To maintain the same ratio between mixed nuts and raisins, we first need to identify the ratio from the first row. The ratio of mixed nuts to raisins is 4:3. This means for every 4 cups of mixed nuts, there are 3 cups of raisins.
Let's denote the amount of mixed nuts as \( M \) and the amount of raisins as \( R \). We know:
\[ \frac{M}{R} = \frac{4}{3} \]
Now we complete the table for the amounts given, including the total amount of snack mix:
First Row
- Amount of mixed nuts (cups): 4
- Amount of raisins (cups): 3
- Total amount of snack mix (cups): \( 4 + 3 = 7 \)
Second Row
Given \( M = 49 \) (mixed nuts): The ratio tells us
\[ R = \frac{3}{4} \times M = \frac{3}{4} \times 49 = 36.75 \]

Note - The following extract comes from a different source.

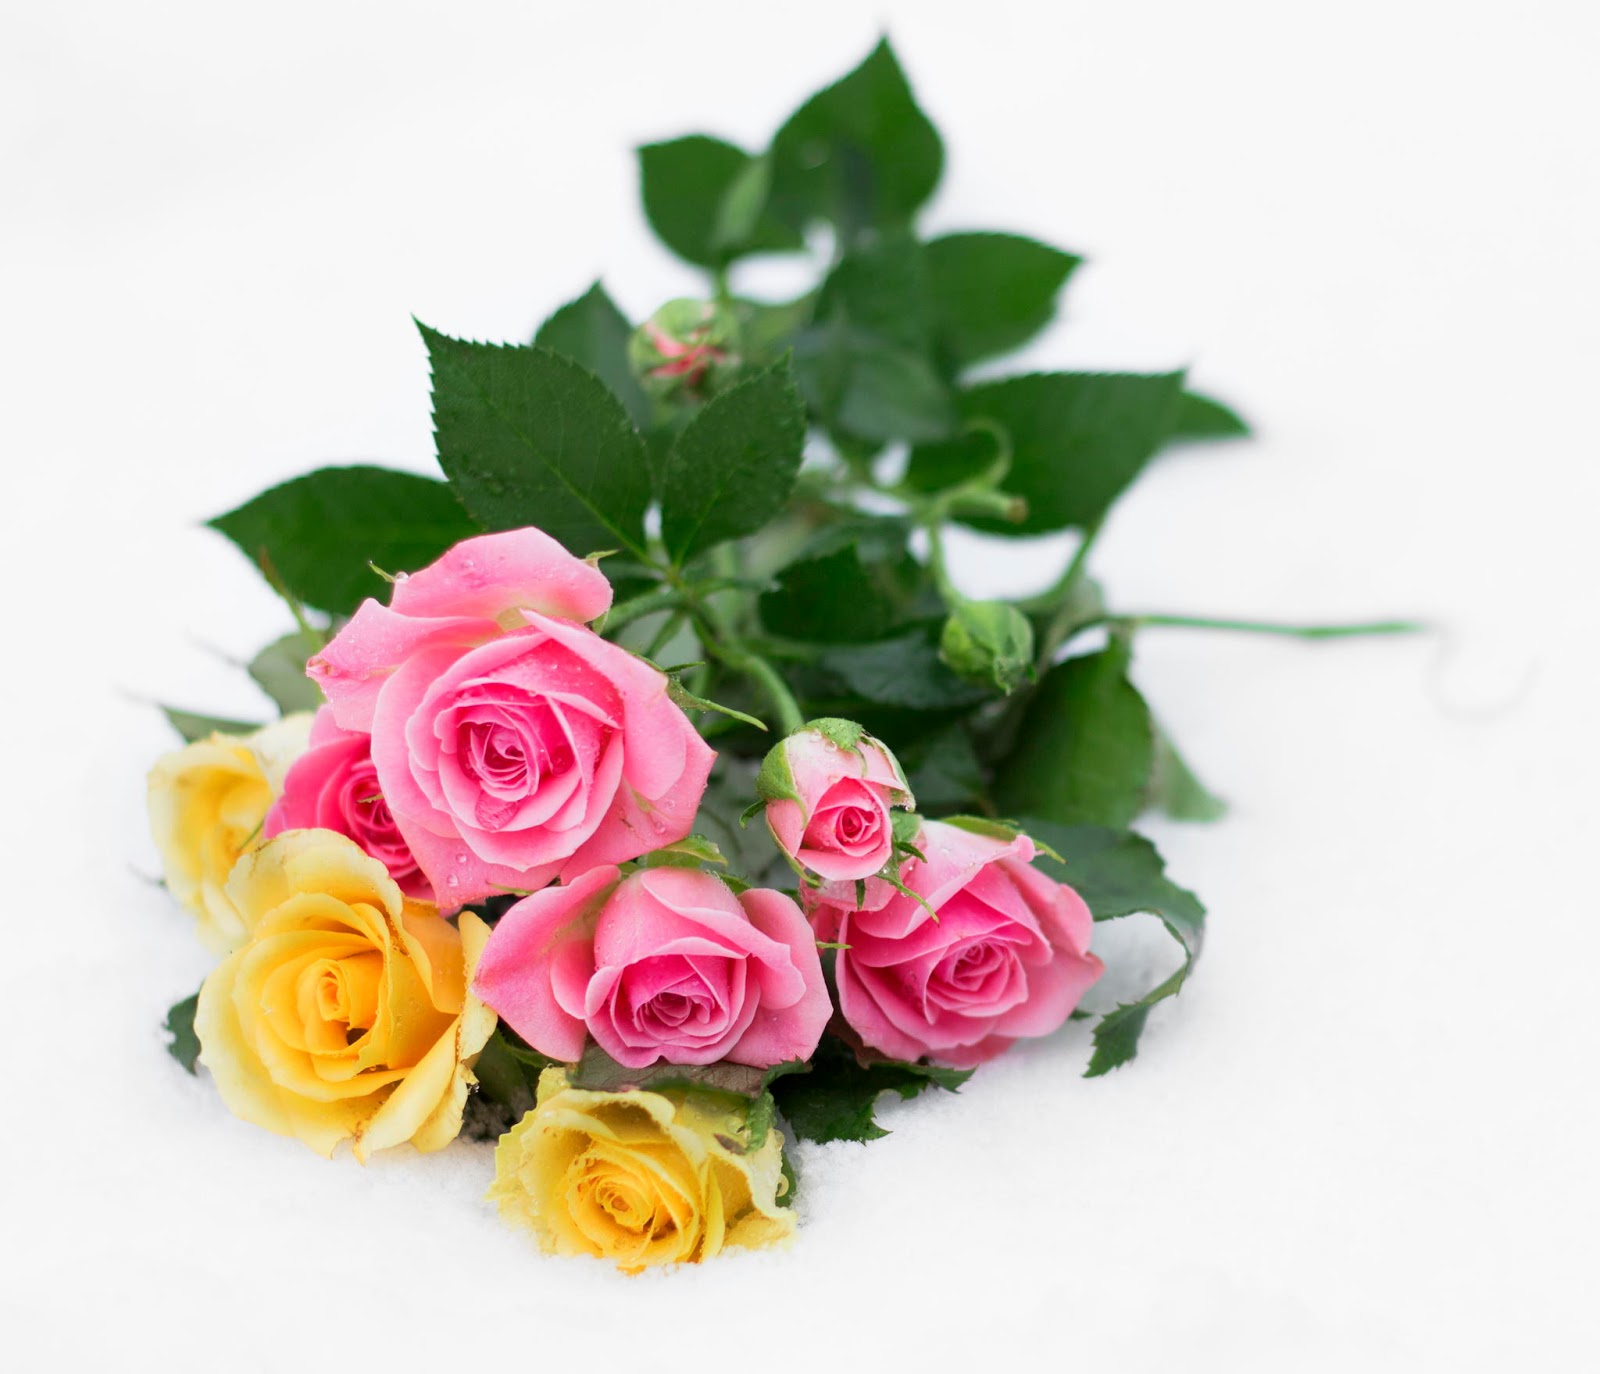 Banco de Imágenes Gratis: 25 fotos de rosas rojas, arreglos florales y  postales para el Día del Amor y la Amistad. - Happy Valentine's Day

- Amount of mixed nuts (cups): 49
- Amount of raisins (cups): 36.75
- Total amount of snack mix (cups): \( 49 + 36.75 = 85.75 \)
Completed Table
| Amount of mixed nuts (cups) | Amount of raisins (cups) | Total amount of snack mix (cups) | |------------------------------|---------------------------|-----------------------------------| | 4 | 3 | 7 | | 49 | 36.75 | 85.75 |
Thus, the final amounts and total in the table reflect the correct ratios and totals for the snack mix.